━━━ COLLECTED DATA ━━━
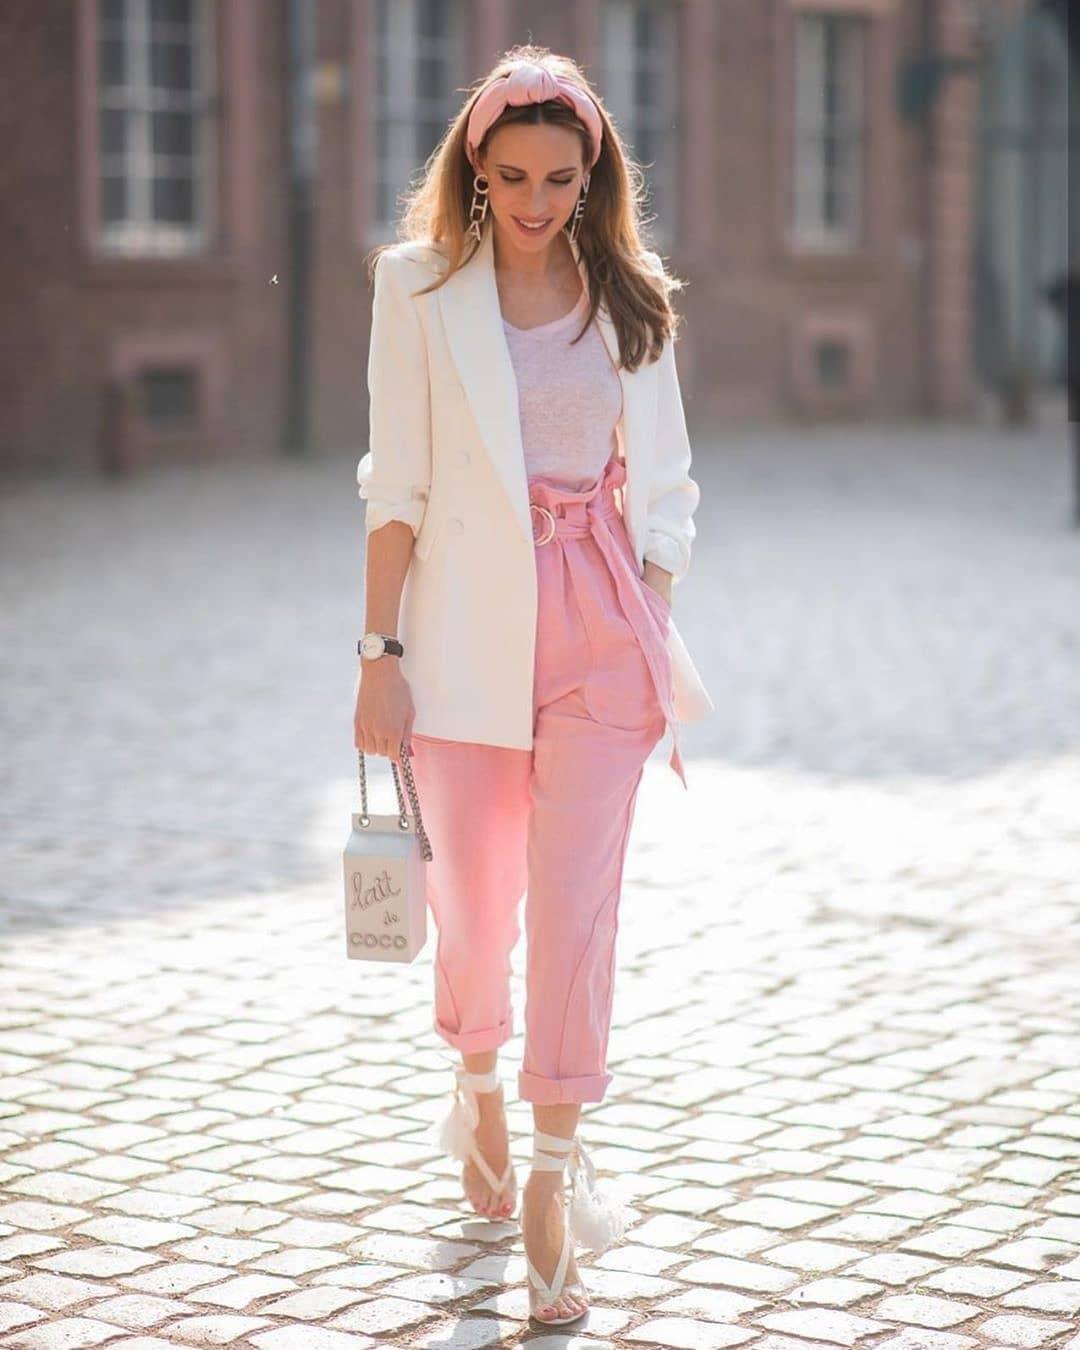 street_style_paris_12_5_2019_13_45_5_640.jpg
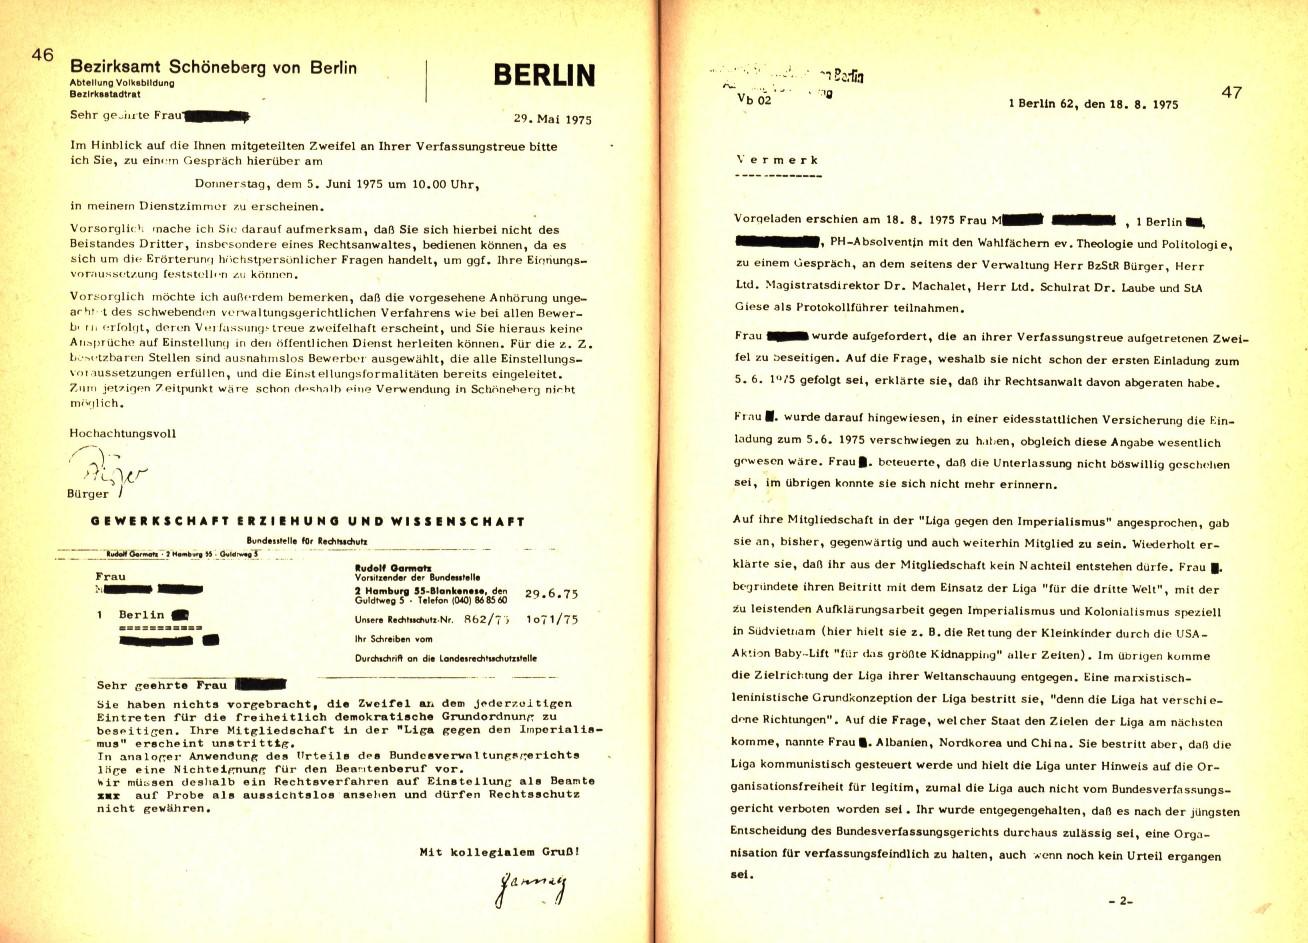 Berlin_VDS_Aktionskomitee_1975_BerufsverboteII_25
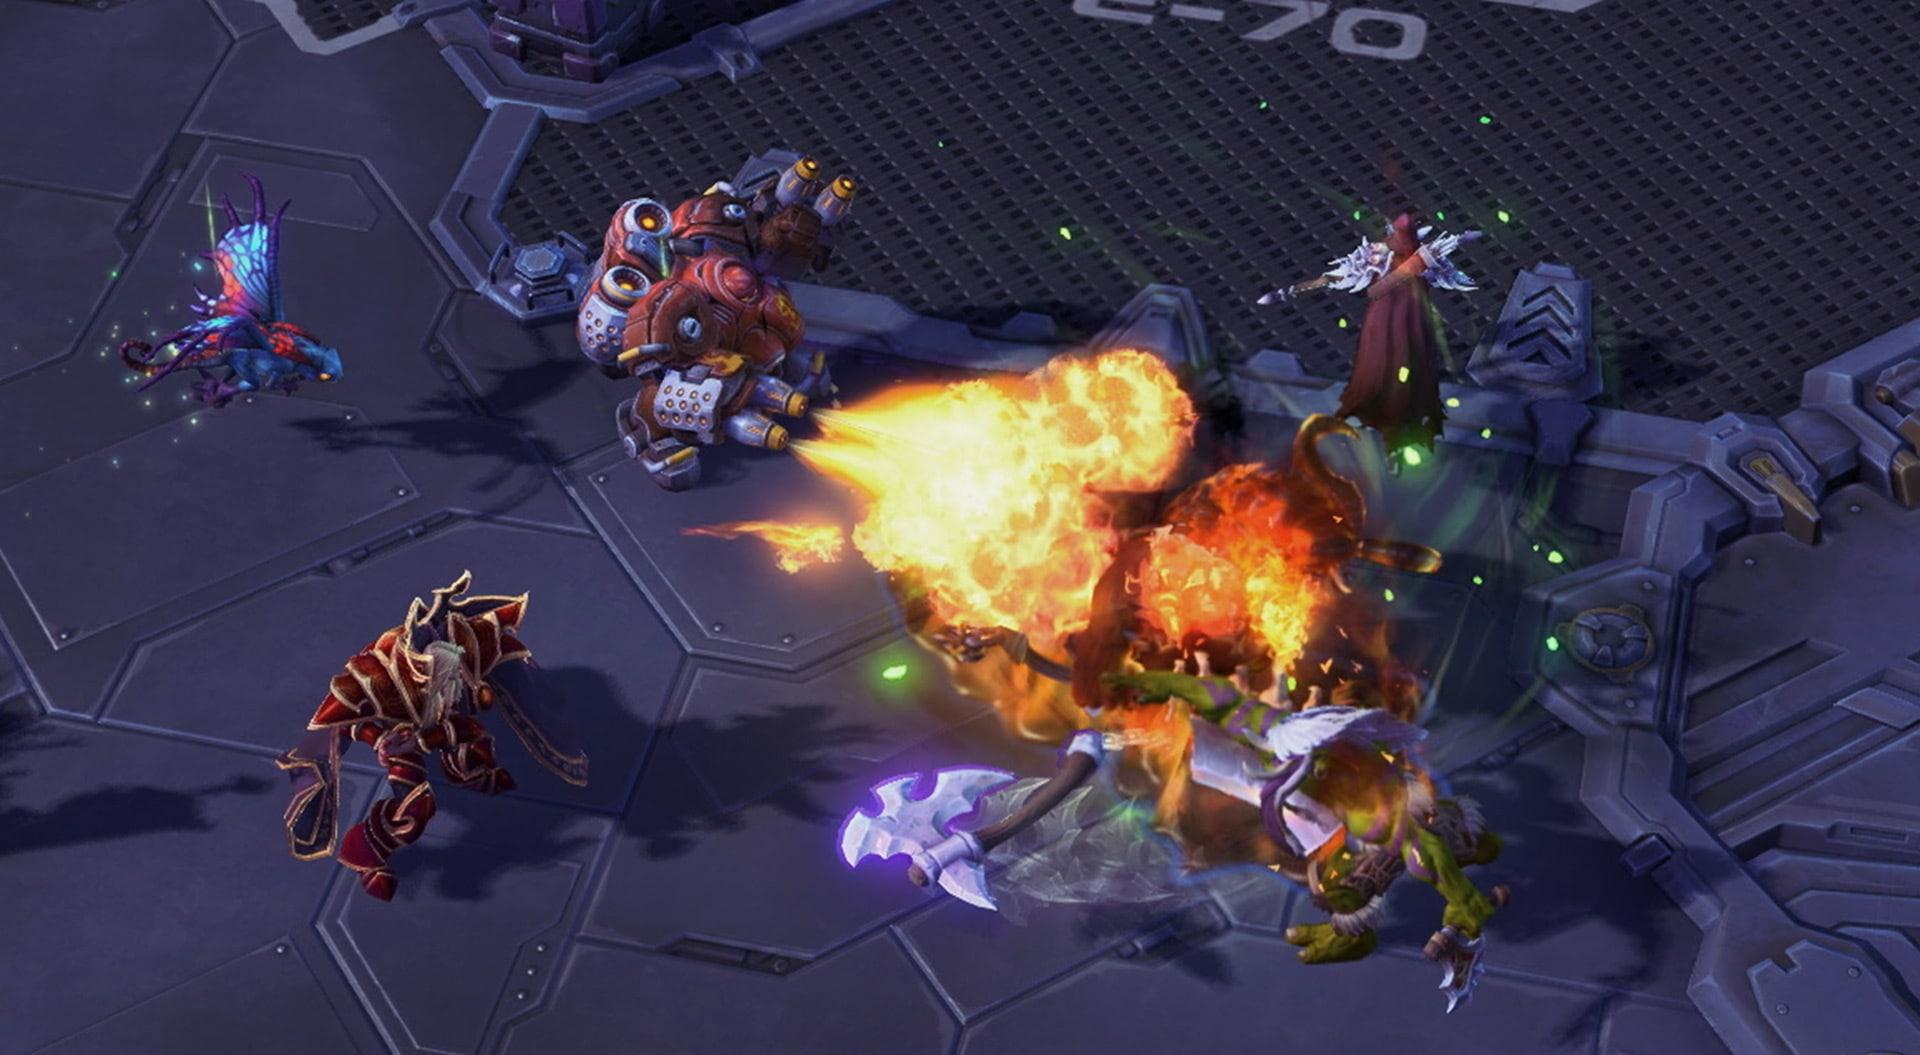 Blaze_Gameplay_Basic_Attack.jpg
━━━
:: DESCRIPTION OF THE TASK ::
Every line from the one containing "Berlin_VDS_Aktionskomitee_1975_BerufsverboteII_25" through the last line of the data is to be retyped exactly, with nothing added and no pictures included.

:: RESULT ::
 Berlin_VDS_Aktionskomitee_1975_BerufsverboteII_25
 Blaze_Gameplay_Basic_Attack.jpg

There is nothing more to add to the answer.